Could you try downgrading to pve-qemu-kvm=6.2.0-3, shutdown+start the VM (creating a clone for testing might be a good idea) and see if the issue persists? If it does, could you try downgrading further to pve-qemu-kvm=6.1.1-2?

Dark26 · May 3, 2022

Fabian_E said:
Could you try downgrading to pve-qemu-kvm=6.2.0-3, shutdown+start the VM (creating a clone for testing might be a good idea) and see if the issue persists? If it does, could you try downgrading further to pve-qemu-kvm=6.1.1-2?

I have a similar problem on my workstation ( promox inside too ) who is using the same glusterfs storage; Ramdomly, the vm crash, perhaps on high write disk activity, ( it dit when i was updating the kernel ).

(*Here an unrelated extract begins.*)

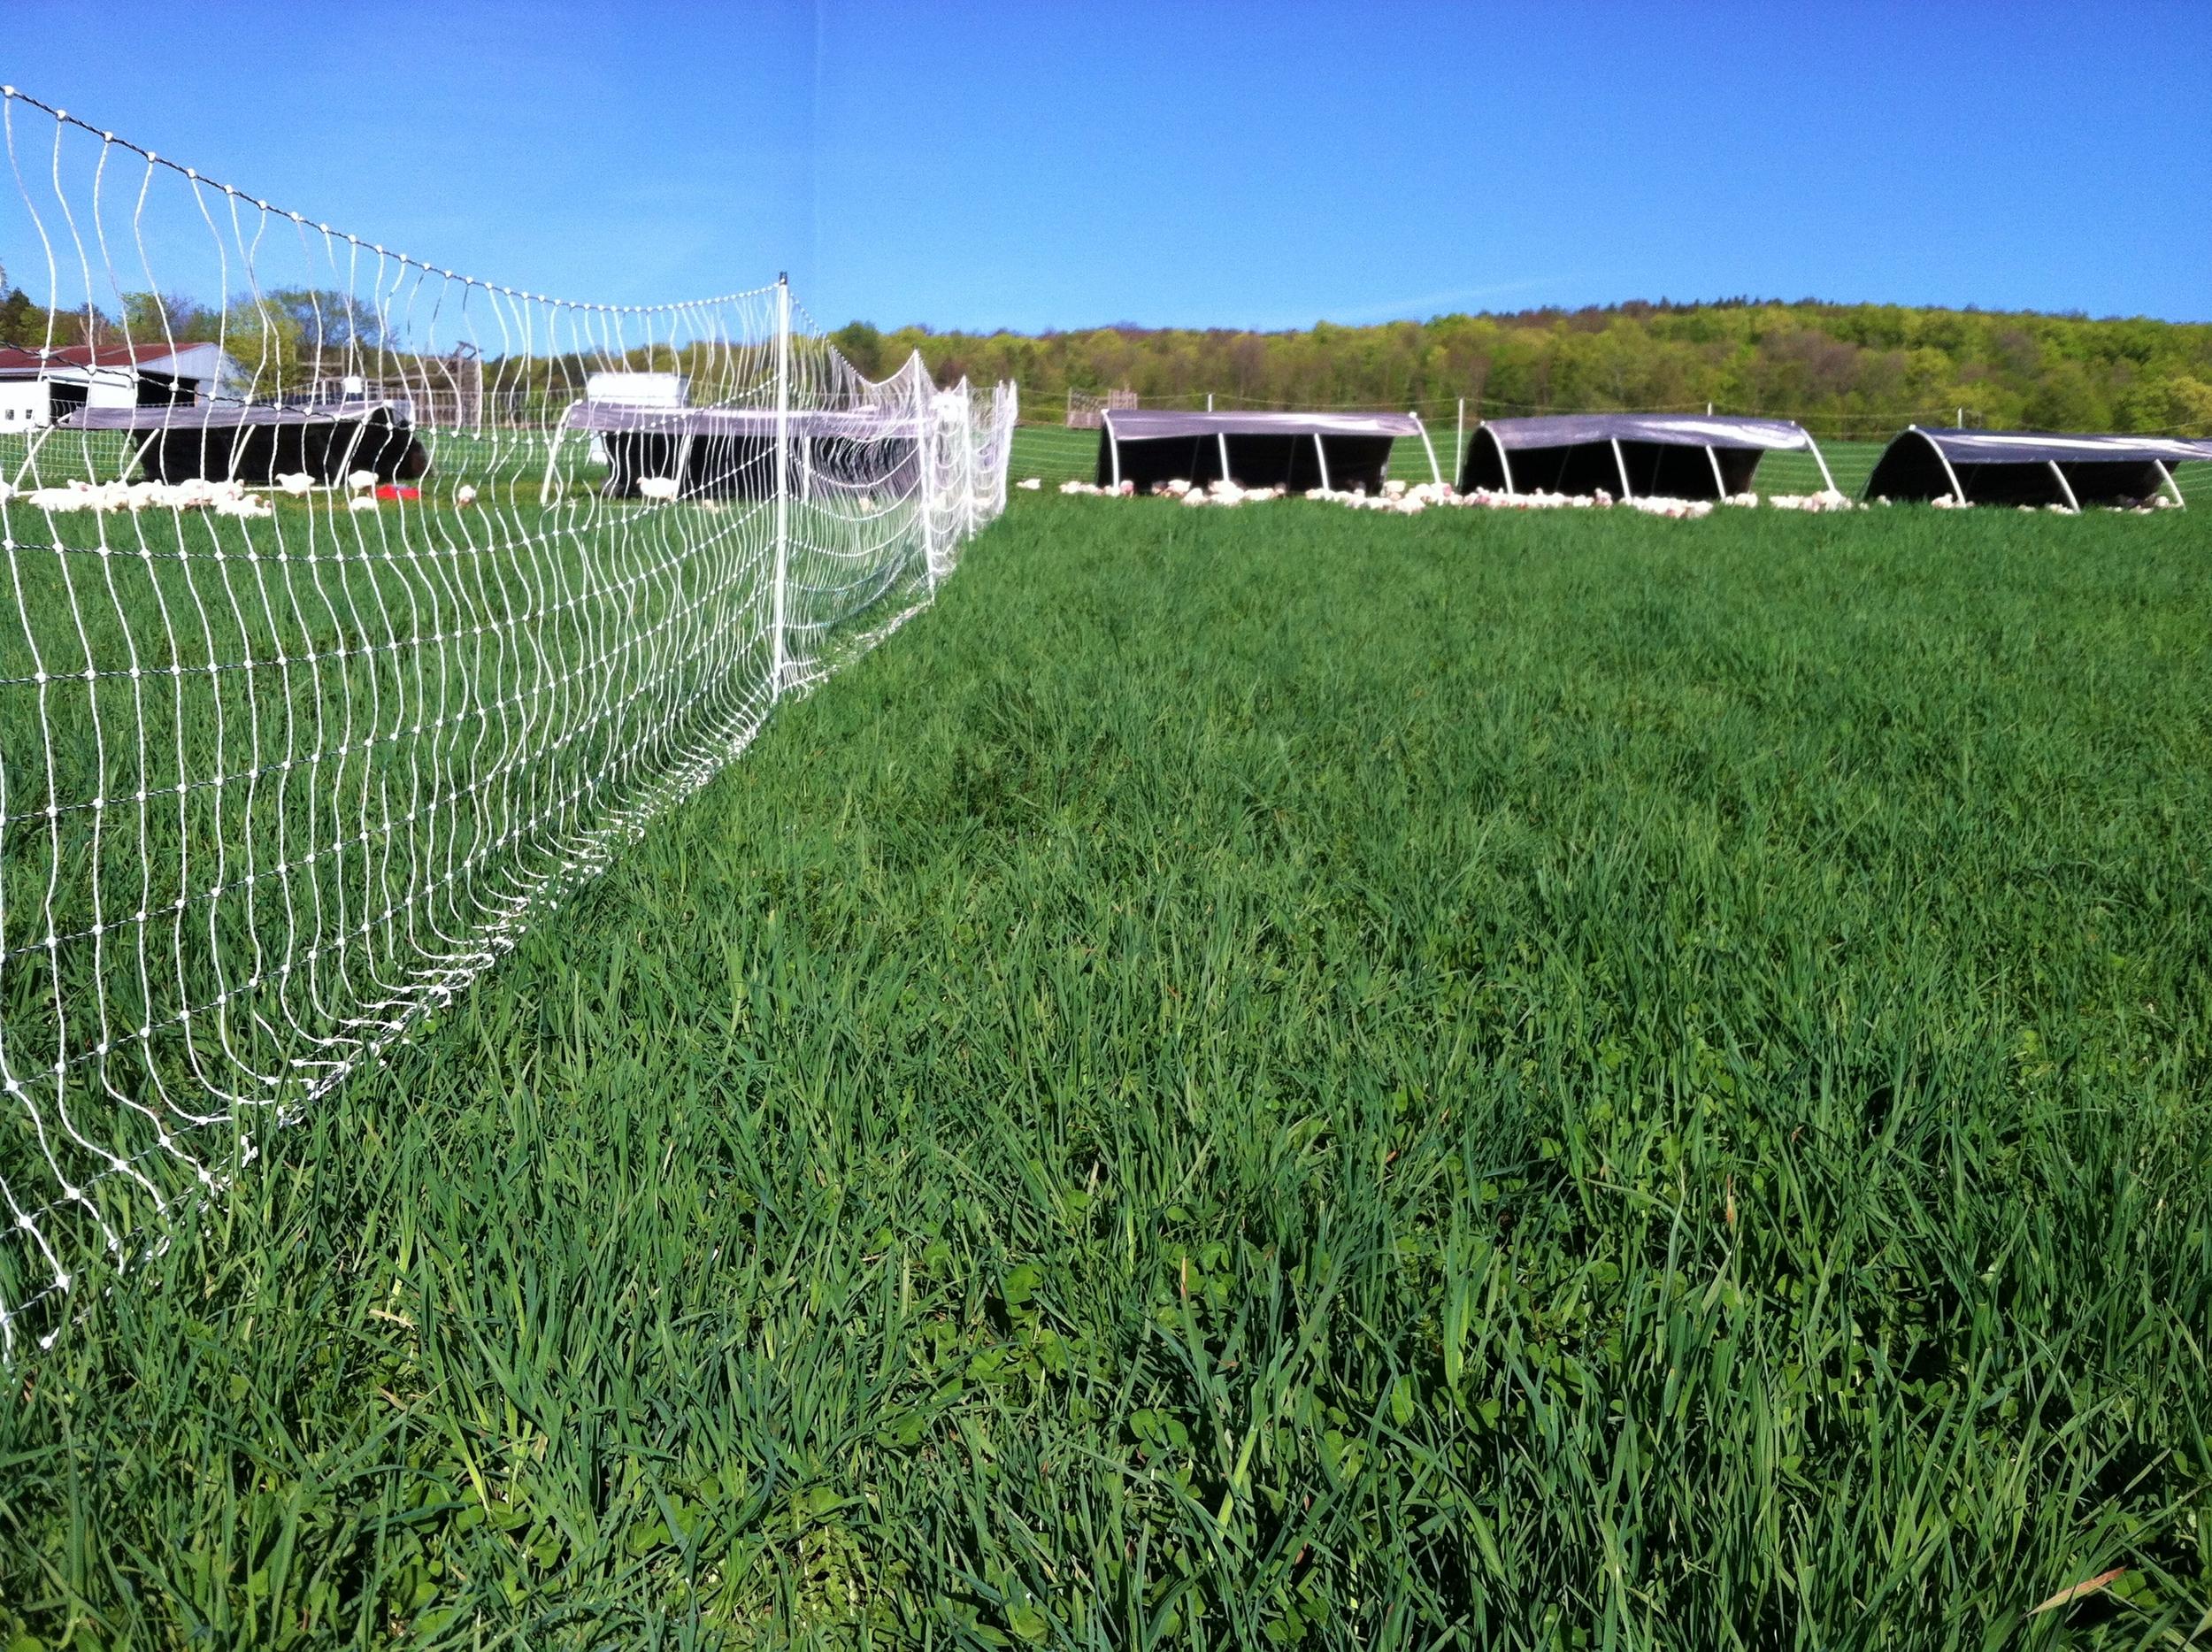 JFF chickens on pasture

To be sure that it's a storage problem have move the disk to local SSD .


create full clone of drive scsi0 (SSDinterne:110/vm-110-disk-0.qcow2)
Formatting '/Data/images/110/vm-110-disk-0.qcow2', fmt=qcow2 cluster_size=65536 extended_l2=off preallocation=metadata compression_type=zlib size=15032385536 lazy_refcounts=off refcount_bits=16
drive mirror is starting for drive-scsi0
drive-scsi0: transferred 773.8 MiB of 14.0 GiB (5.40%) in 1s
drive-scsi0: transferred 1.0 GiB of 14.0 GiB (7.35%) in 2s


drive-scsi0: transferred 14.1 GiB of 14.1 GiB (100.00%) in 7m 48s
drive-scsi0: transferred 14.1 GiB of 14.1 GiB (100.00%) in 7m 49s, ready
all 'mirror' jobs are ready
drive-scsi0: Completing block job_id...
drive-scsi0: Completed successfully.
drive-scsi0: mirror-job finished
TASK OK

If a i have no problem during a moment , it will be a storage problem

For the downgrade of qemu/ it will be difficult a this time because the VM ( 170 ) is my TGT serveur for my boot on san Workstation.

I did a manual copy of the disk of vm 170 to the glusterfs storage and modify the conf file of the vm.

Wait and see . Perhaps an upgrade of glusterfs ( the version provide 9.2 is outdated

Dark26 · May 3, 2022

it's look like this problem :

https://github.com/qemu/qemu/commit/a6b257a08e3d72219f03e461a52152672fec0612

fiona · May 4, 2022

We were able to reproduce the issue now (thanks to @mira) and it seems to be a regression between our QEMU 6.1.1 and 6.2.0 packages. The commit you mentioned is included in both, could you explain how you found it/why you think it's relevant?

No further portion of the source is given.